# Went "Log Gettin" today



## MidGAOutdoor (Apr 7, 2011)

we had storms here in GA last week and some trees were blowed over near the shop and i asked the folks if i could have them....well i have them. 2 VERY LARGE pines or so i think. Loaded them on a 20ft Hooper Equipment trailer and a Allis Chalmers D17 with a CarryAll from tractor supply.


----------



## Kenbo (Sep 16, 2008)

What are they for? Milling? Burning? What's your plan?


----------



## MidGAOutdoor (Apr 7, 2011)

milling


----------



## Chippin-in (Feb 4, 2010)

That musta been some pretty hard wind. I remember watching some pines bend and bend during hurricane ike. We were sitting in a parking garage taking bets on which one would snap. They never did. 3am in the middle of a hurricane and knuckleheads were still driving around...some walking. Whatever.

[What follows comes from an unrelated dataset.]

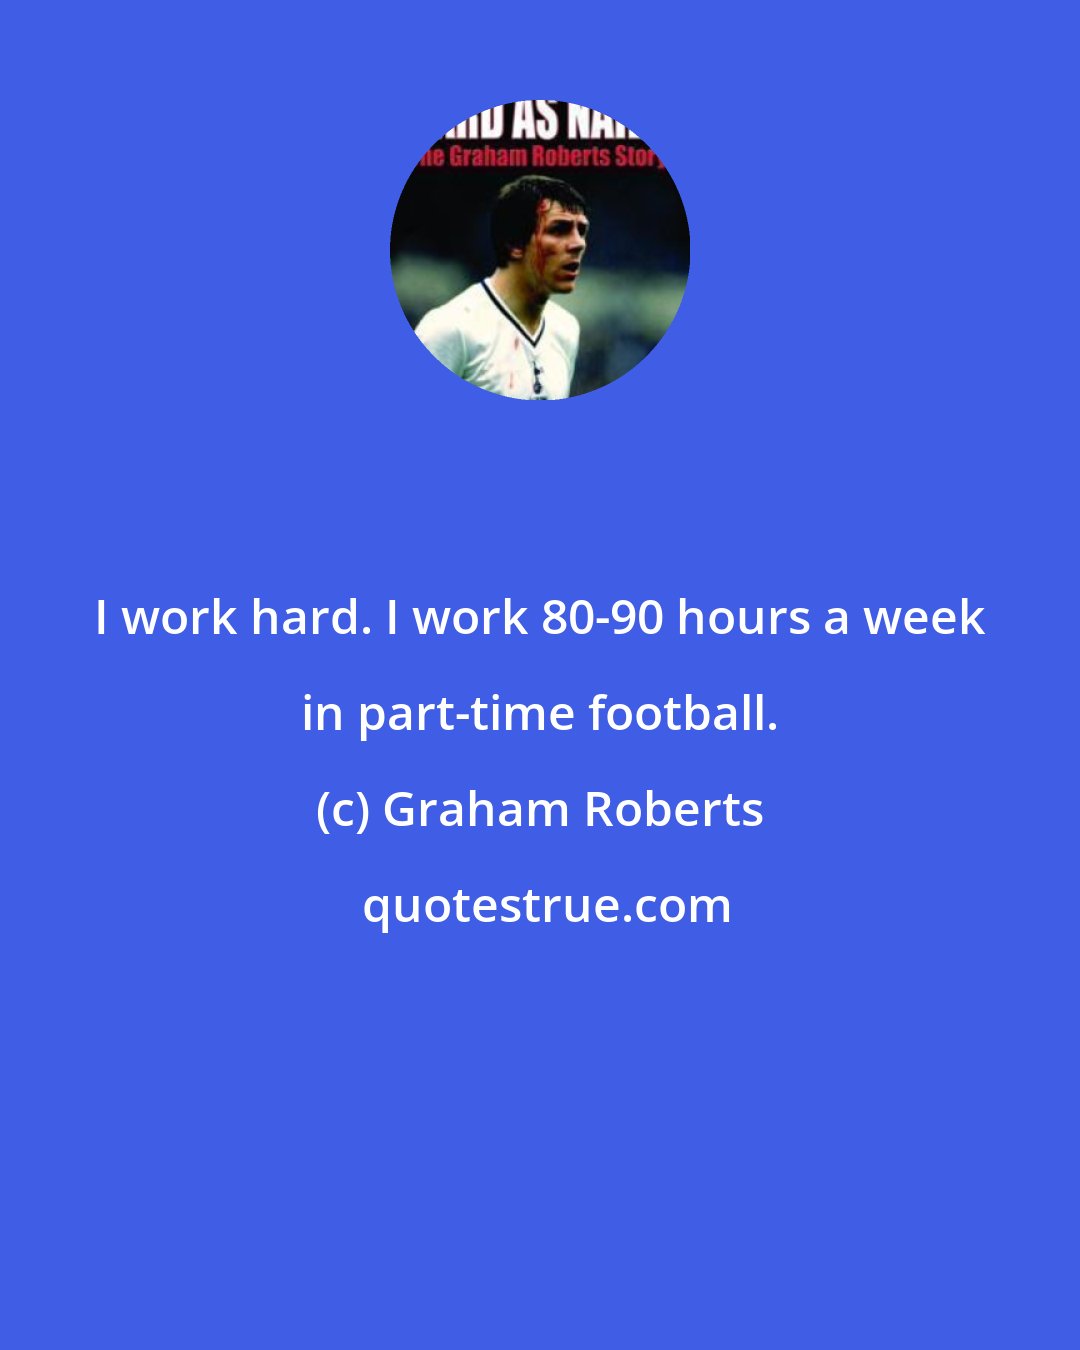 Graham Roberts: I work hard. I work 80-90 hours a week in part-time football.

Anyway, nice stack of wood. Have fun


----------



## MidGAOutdoor (Apr 7, 2011)

these were ripped up by the roots. the roots that are stuck up outta the ground are tall as me and i am 6ft 2. all i have is an alaskan chainsaw mill. should be fun. half ton p/u truck got a workout. goin back for the smaller parts tomorrow. they are only a mile up the road.


----------



## del schisler (Nov 5, 2009)

MidGAOutdoor said:


> these were ripped up by the roots. the roots that are stuck up outta the ground are tall as me and i am 6ft 2. all i have is an alaskan chainsaw mill. should be fun. half ton p/u truck got a workout. goin back for the smaller parts tomorrow. they are only a mile up the road.


Look's like they will have to be kiln dryed. Those are going have a lot of sap in the wood. They will not air dry very well the sap will keep comming out of the wood. You will be able to tell when you start cutting with the cain saw mill. good luck any way nice haul


----------



## TexasTimbers (Oct 17, 2006)

MidGa,

I think you'll find Del's words ringing loud and clear as you go through this process. Not saying you'll regret doing it because I don't know how bad you want the wood, but with logs relatively small like the ones shown and knowing you'll be milling with a csm, you got your work cut out for you.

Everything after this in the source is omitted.